2. Whenever an IRQ fires we switch the task by changing the kernel stack pointer in the TSS and the current kernel esp, to the new task's kernel esp. (also storing the current stack top in the task state)
3. Since this new esp already contains the stuff necessary to do an IRET to this task we don't change anything else.
4. repeat 2-3 (this is oversimplified of course not taking priority / time slices, etc into account)

Thanks

nexos · Post by **nexos** » Thu Jun 25, 2020 5:27 am

The TSS simply contains the threads kernel stack, kernel ss, cs, ds, es, fs, and gs. When an IRQ or ISR occurs, then the CPU will do a hardware task switch. It will fetch those values from the TSS. Each time you switch tasks in software, you place that thread's kernel stack in the TSS. The TSS is per core. Each core has its own TSS. Hopefully this answers your questions.

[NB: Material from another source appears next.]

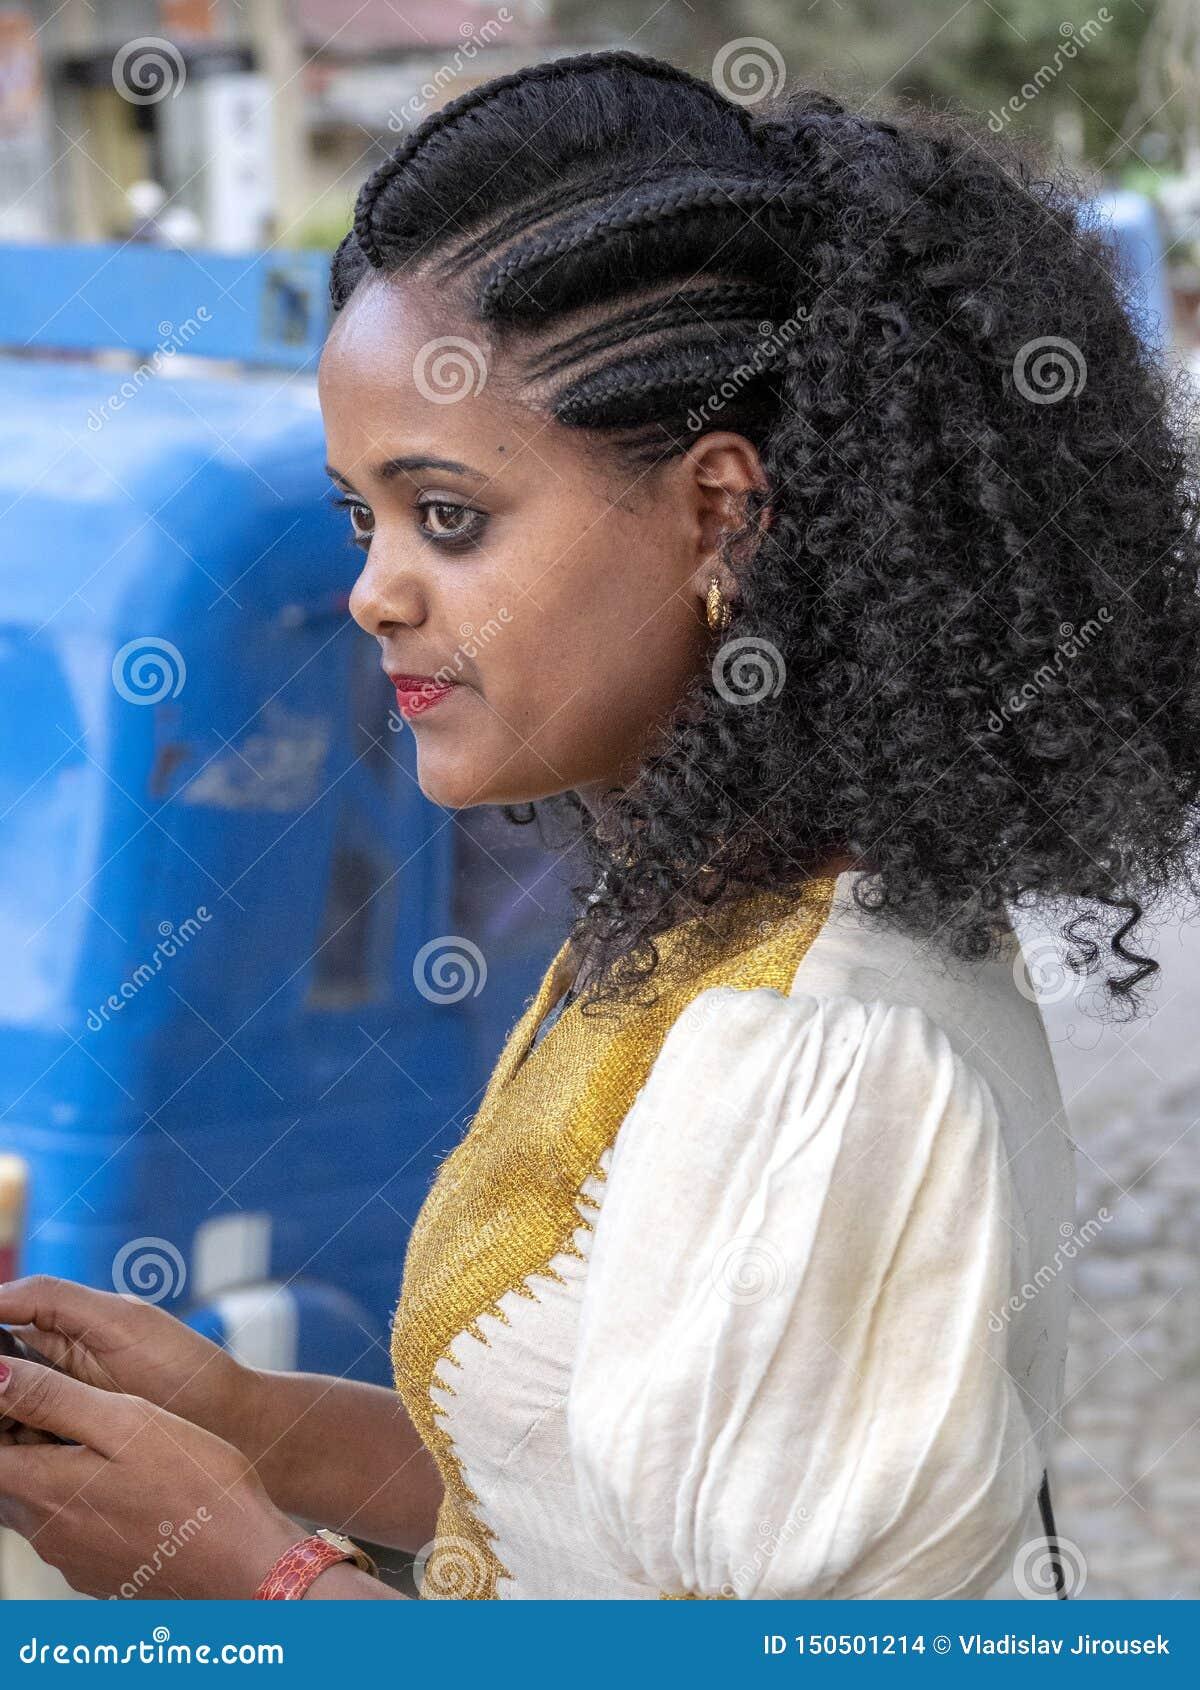 Ethiopian girl beauty

thewrongchristian · Post by **thewrongchristian** » Thu Jun 25, 2020 10:25 am

nexos wrote:The TSS simply contains the threads kernel stack, kernel ss, cs, ds, es, fs, and gs. When an IRQ or ISR occurs, then the CPU will do a hardware task switch. It will fetch those values from the TSS. Each time you switch tasks in software, you place that thread's kernel stack in the TSS. The TSS is per core. Each core has its own TSS. Hopefully this answers your questions.

Careful, that's not quite right.

In an interrupt/trap gate, only the ss:esp is retrieved from the TSS (and then only for a privilege level change), cs:eip comes from the interrupt/trap gate, and ds, es, fs, gs are all untouched. The old cs, eip and eflags are stored on the kernel stack, and if a privilege level change occured, also the old ss and esp as well.

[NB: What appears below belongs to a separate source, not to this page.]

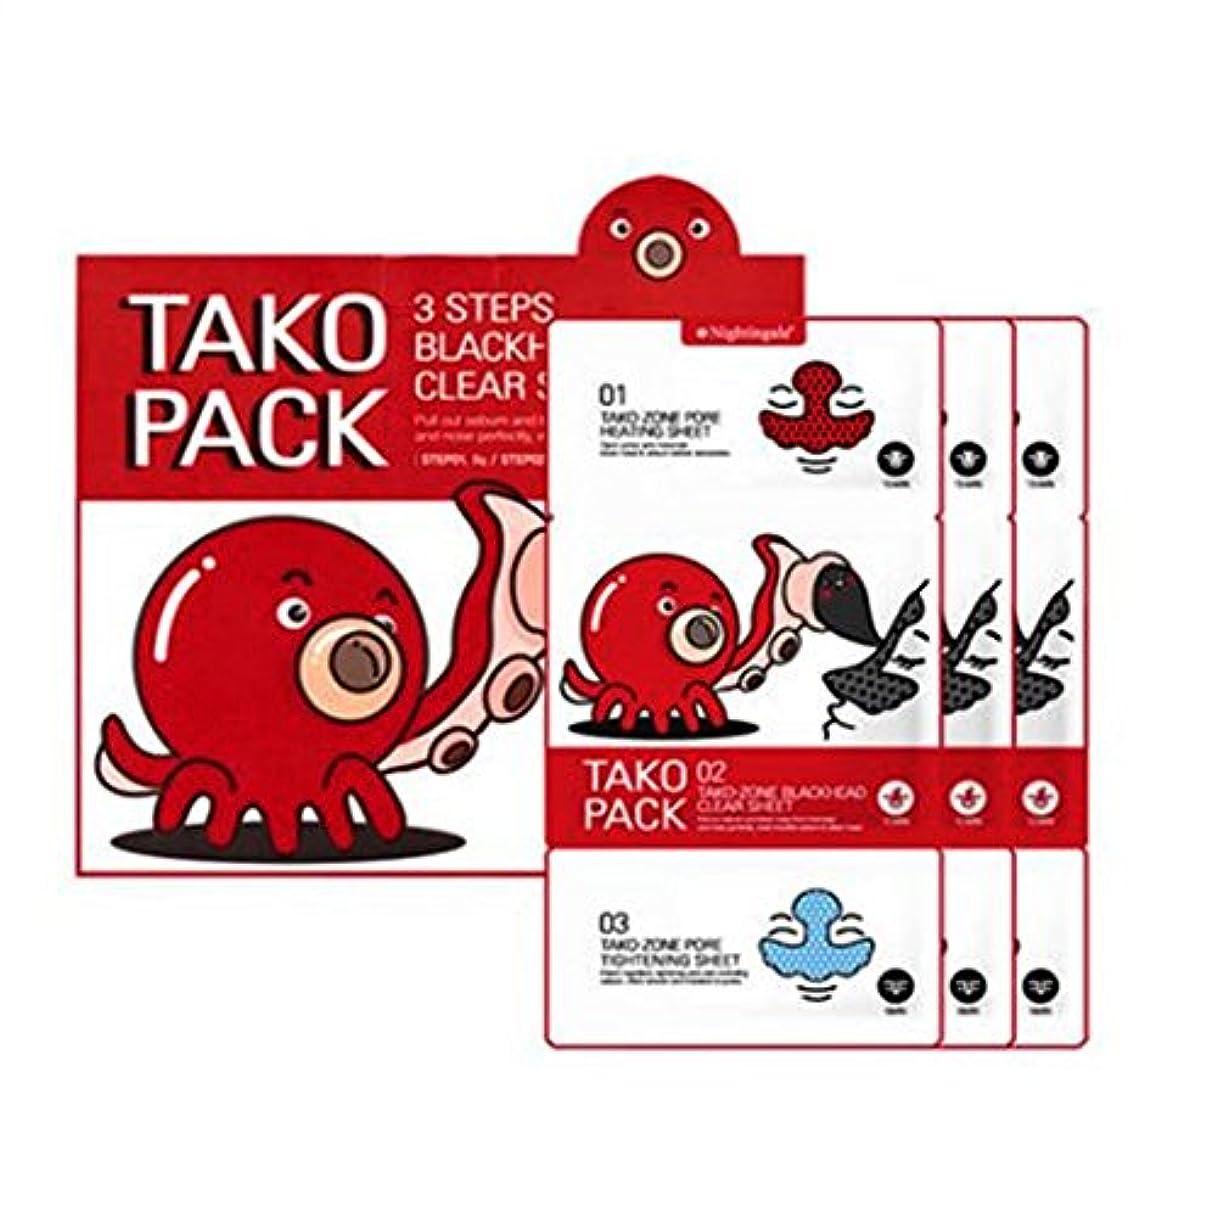 責火山学者バタフライNightingale 3Step Tako Pack 3EA/ナイチンゲール 3ステップ タコ パック [タコ吸着パック] 3回分 [並行輸入品]

Else, if this interrupt specifies a task gate, then the existing CPU state is stored in the current TSS, and the task gate selects the new TSS from which to load the new state (including all the TSS state,) and stores a back pointer to the previous interrupted TSS in the new TSS. Useful for double fault handlers where the stack state can't be relied on. But hardware TSS based task switching is otherwise not useful nor a portable concept, so I think most stay away from it. This sounds more like what you're describing.

So, in summary, when switching kernel stacks, the location of the bottom (high address) of the new thread's kernel stack needs to be stored in the current per-core TSS. When user code transitions to kernel mode via an interrupt, the kernel stack pointer will be initialised from this TSS entry for ss:eip. The rest of the TSS can be ignored.

nullplan · Post by **nullplan** » Thu Jun 25, 2020 1:16 pm

8infy wrote:- Do I understand correctly that if I do software switching I only need 1 TSS per core, that stores the kernel stack pointer of the current thread and the kernel data selector?

Yes. And the IO permission bitmap, if you allow userspace to perform IO.

8infy wrote:- Are those^ the only values fetched from the TSS when going from ring3 -> ring0?

Yes.

8infy wrote:- Is updating the kernel stack pointer in TSS the correct way to go when switching between threads?

Yes.

8infy wrote:- Also, do I understand the multitasking pipeline correctly:
1. Create a "fake" initial task with the correct values on its stack, so we can switch from and to it later.
2. Whenever an IRQ fires we switch the task by changing the kernel stack pointer in the TSS and the current kernel esp, to the new task's kernel esp. (also storing the current stack top in the task state)
3. Since this new esp already contains the stuff necessary to do an IRET to this task we don't change anything else.
4. repeat 2-3 (this is oversimplified of course not taking priority / time slices, etc into account)

No.
Separate the ideas of switching threads and getting an IRQ. I pilfered this idea from Linux and I'm sticking to it: Every task gets some task information flags. The code responsible for the kernel-to-userspace transition will check two of these flags: Was a signal received or did the task time out? The timer IRQ merely sets the timeout flag, but it is the kernel-to-user code responsible for acting on it. Also, everything in the kernel not in interrupt context (so syscall context or kernel thread) can just call schedule() at any time. Anyway, if either of these flags is set, another function is called in the kernel. That function will react to signals. But importantly for you, it will also react to a timeout by just calling schedule(). And it is that function that will pick the next task and perform the actual task switch by pushing all non-volatile registers, switching the stack, then reloading all the registers and returning. Since the stack was switched, it returns to a different context, but it will return later to the context we just left, and restore those registers.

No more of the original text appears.